Jack'ı buradan kurtardıktan sonra Rose, Jack ile birlikte yarısı batmış olan gemiden kurtulmaya çalışırlar. Bu sırada gemide tam bir panik hali yaşanmaktadır, filikalara binmeye çalışanlar, bağıranlar, birbirlerini vuranlar, gemiden düşenler, atlayanlar, ağlayan çocuklar tam bir kaos yaşanmaktadır geminin içinde. Bütün bu olaylar sırasında filikalara binen zenginler, denizin üzerinde uzaklardan olanları izlerler ve bencillikleri yüzünden aslında yer olan filikalarına kimseyi almak istemezler.
Gemi artık batmak üzeredir ve bu sırada tamamen dik bir şekilde suyun üzerine asılı kalır. Bu asılma sırasında düşen insanların durumları gerçekten içler acısıdır.

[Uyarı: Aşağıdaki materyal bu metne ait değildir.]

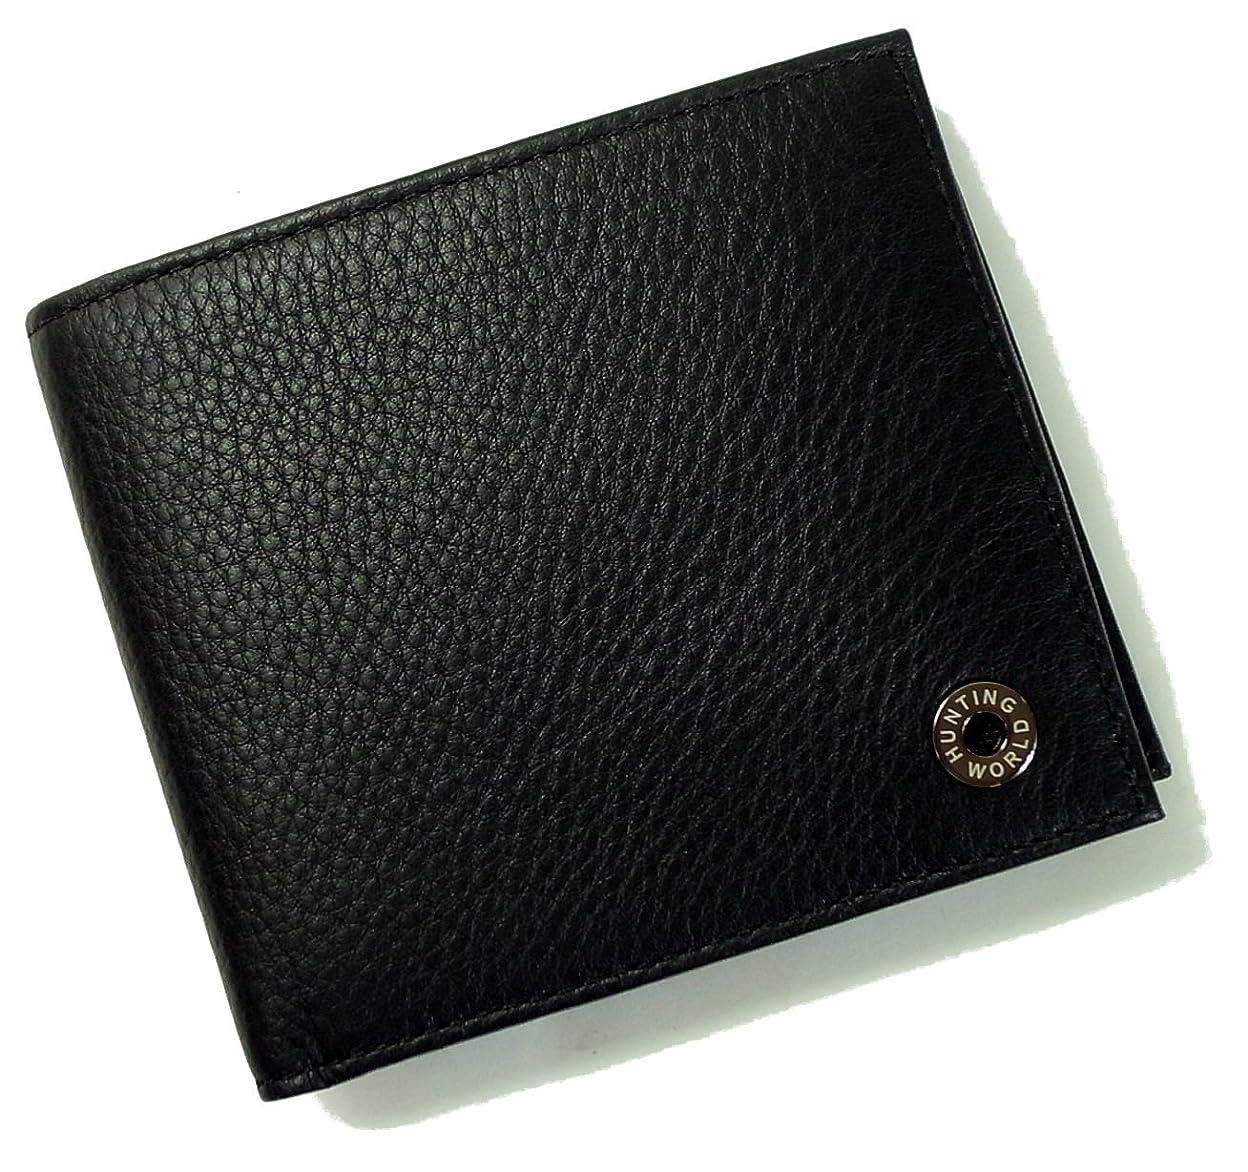 自分のランドリー機密[ハンティングワールド] 財布 メンズ 二つ折 KASHGAR (ブラック) 207-371 HW-503 [並行輸入品]

Sonrasında gemi bu basınca dayanamayıp ortadan ikiye kırılır ve bir yarısı denizin içine girerken diğer yarısı yeniden havada dik kalacak şekilde konumlanır ve yeniden hızlı bir şekilde suya batmaya başlar.

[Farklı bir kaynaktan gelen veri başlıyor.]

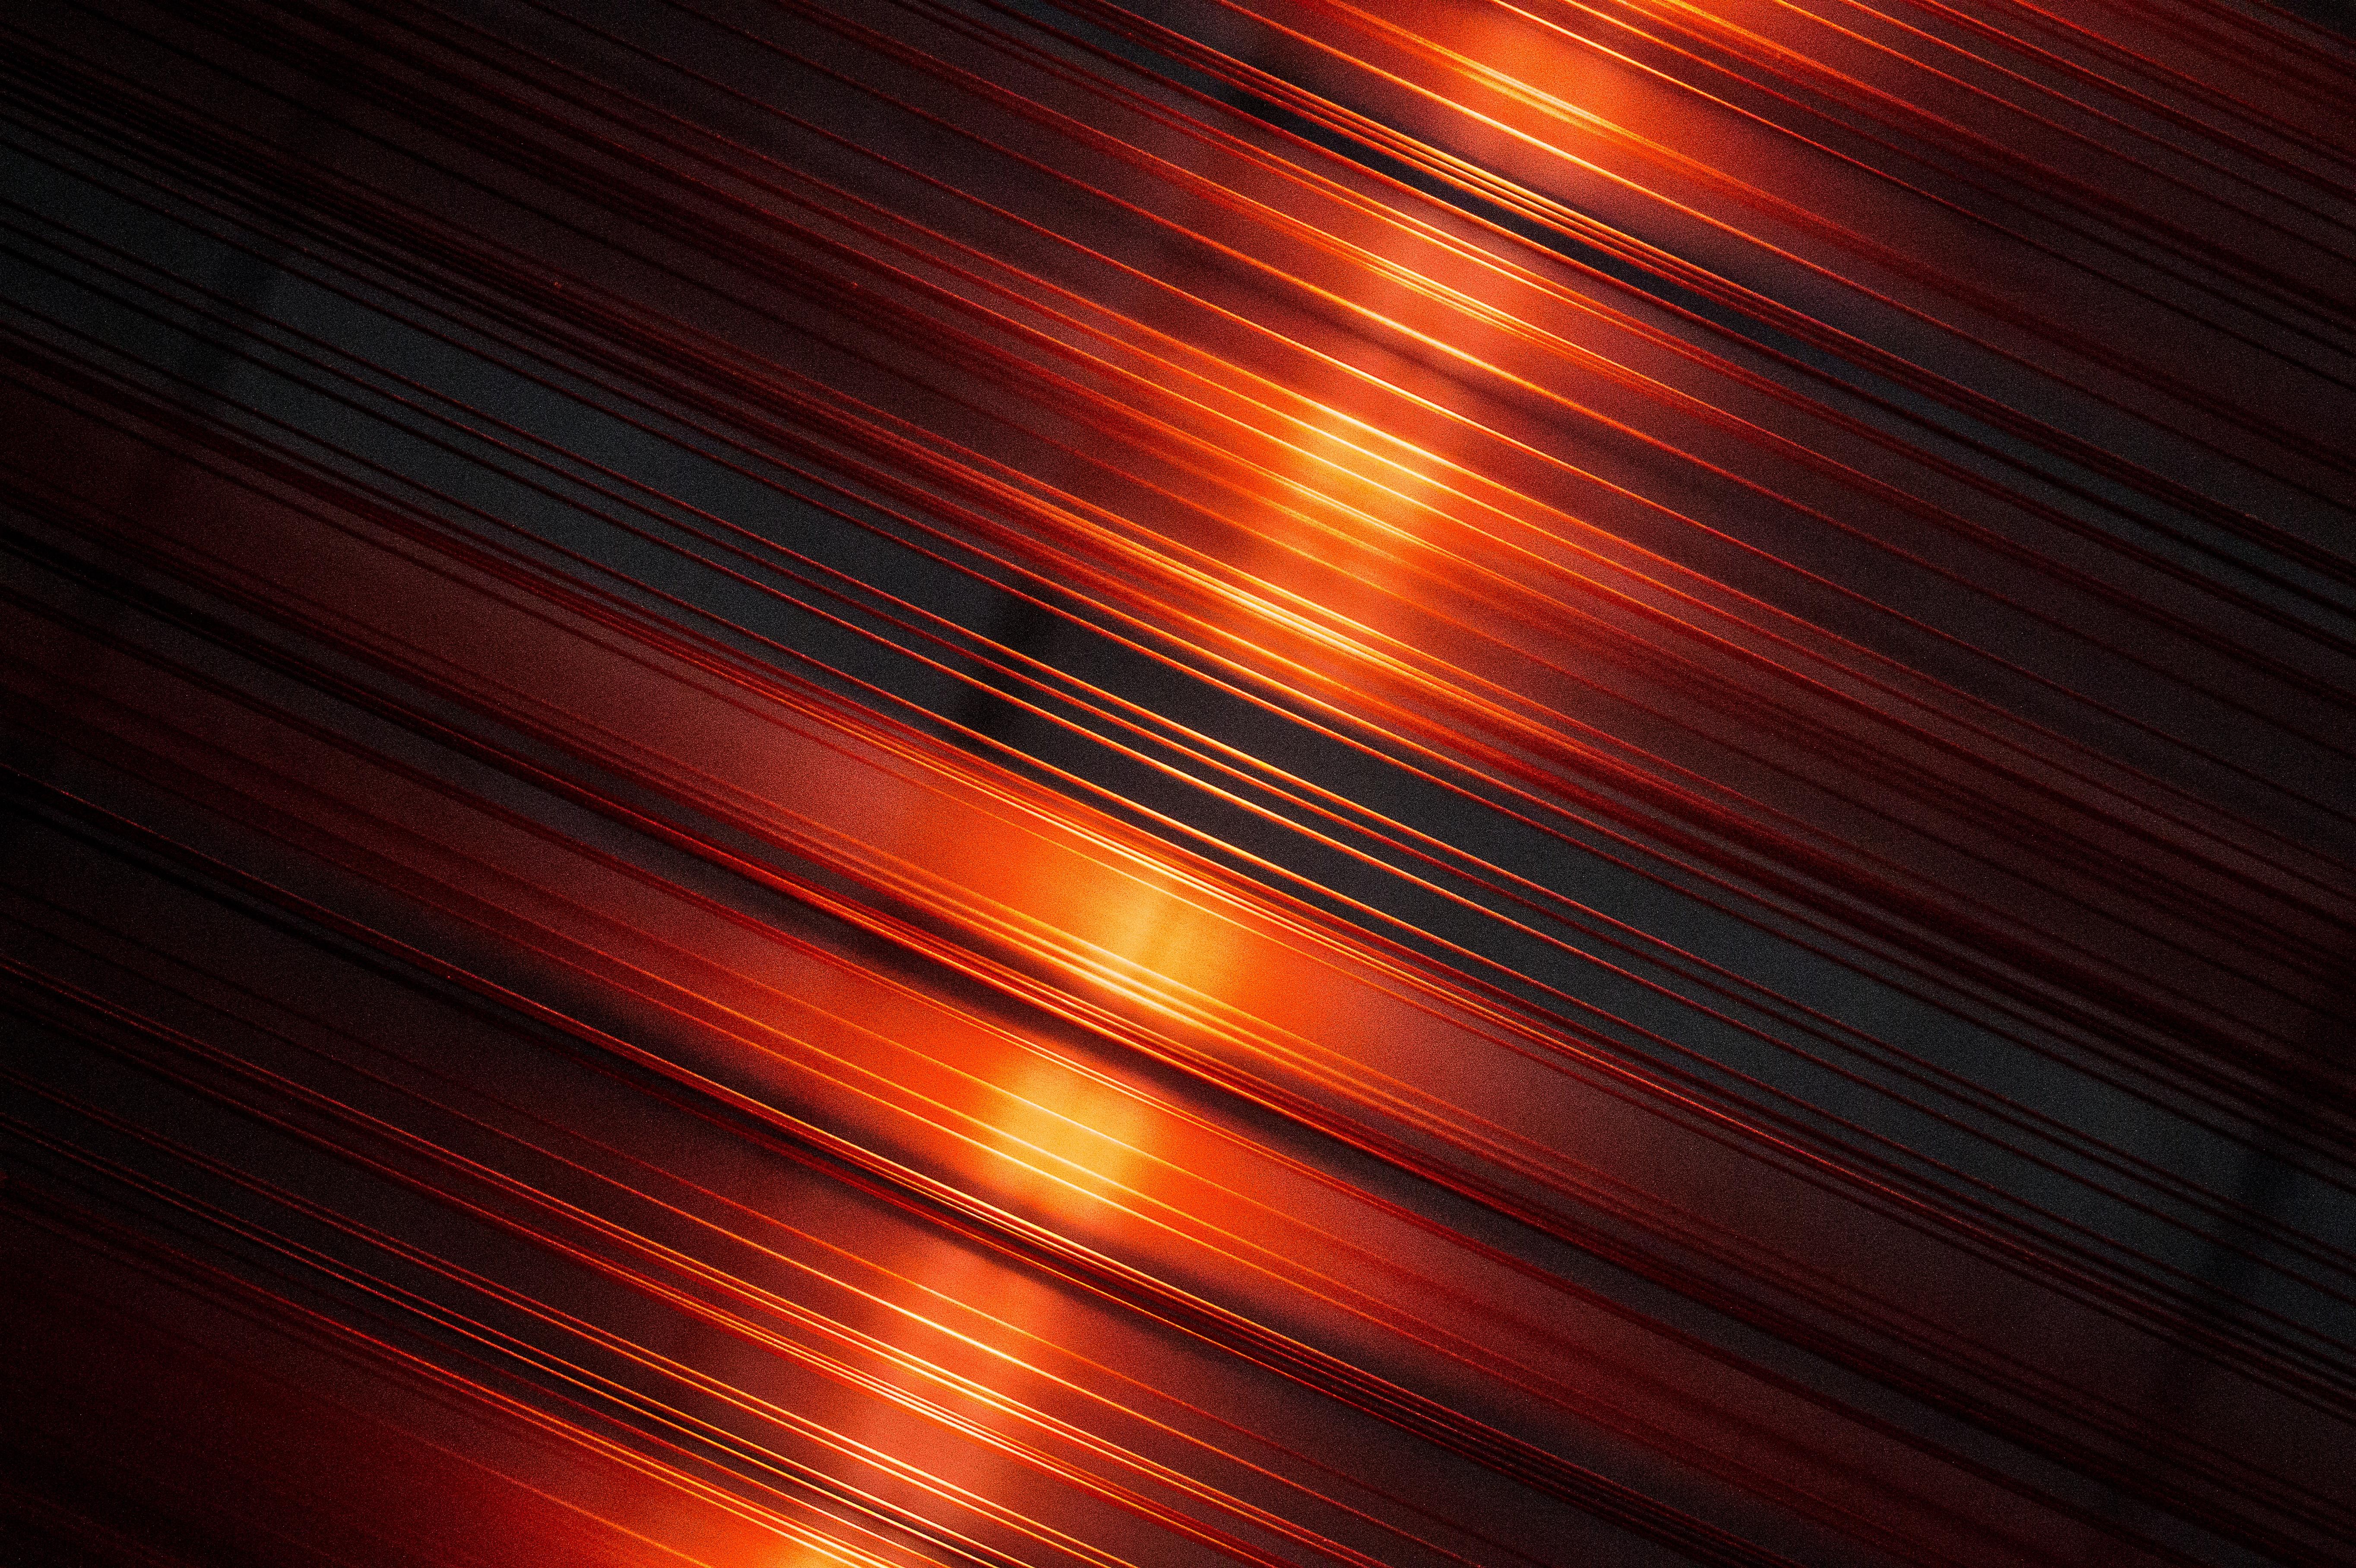 120188 Salvapantallas y fondos de pantalla Texturas en tu teléfono. Descarga imágenes de Texturas, Textura, Rayas, Líneas, Lineas, Oblicuamente, Destello, Relucir gratis

Rose ve Jack ise geminin en tepesinde bu batışın denize en son giren kısmındadırlar ve içeri batarken el ele tutunarak korku ve panik içinde gemi ile birlikte batarlar. Sonrasında Rose, üzerindeki yelek sayesinde hemen su yüzeyine çıkar ama Jack, çok sonrasında O'nu bulur.

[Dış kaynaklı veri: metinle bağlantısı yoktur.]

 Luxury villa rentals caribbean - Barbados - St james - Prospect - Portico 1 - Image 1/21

Denizin üzerinde insanlar çok kalabalıklardır ve suya düşmüş karınca misali birbirine karışmış durumdadırlar. Ve su çok soğuktur. Zaman geçtikçe Jack ve Rose, bir tahta parçasına tutunurlar ve tahta parçasının üzerine çıkan Rose, bu sayede hayatta kalır ama suyun içinde kalan Jack, soğuk nedeni ile elleri Rose'un ellerinde iken donarak ölecektir. Sonrasında denizin üzerindeki herkes öldükten ve sadece Rose kaldıktan sonra yardım ekibi gelir ve Rose'u kurtarır. Kurtulan Rose, karaya çıktığında bakacaktır ki Okyanusun Kalbi diye anılan elmas montunun cebindedir ve filmi anlatmaya başladığı günümüz zamanına kadar bu elması saklamıştır. Hikayeyi anlatmayı bitiren yaşlı Rose, elindeki Okyanusun Kalbi olan elması okyanusa attıktan sonra film son bulur.
Çok yoğun dram sahneleri olan, izlerken göz yaşlarınızın akmasının muhtemel olduğu, insanlık ve bencillik konularını da size sorgulatabilecek, film müzikleri ile de oldukça etkileyici olan tam bir baş yapıttır. Tekrar tekrar izlemek isteyeceğiniz romantik, dram, biyografi ve gerilim filmidir.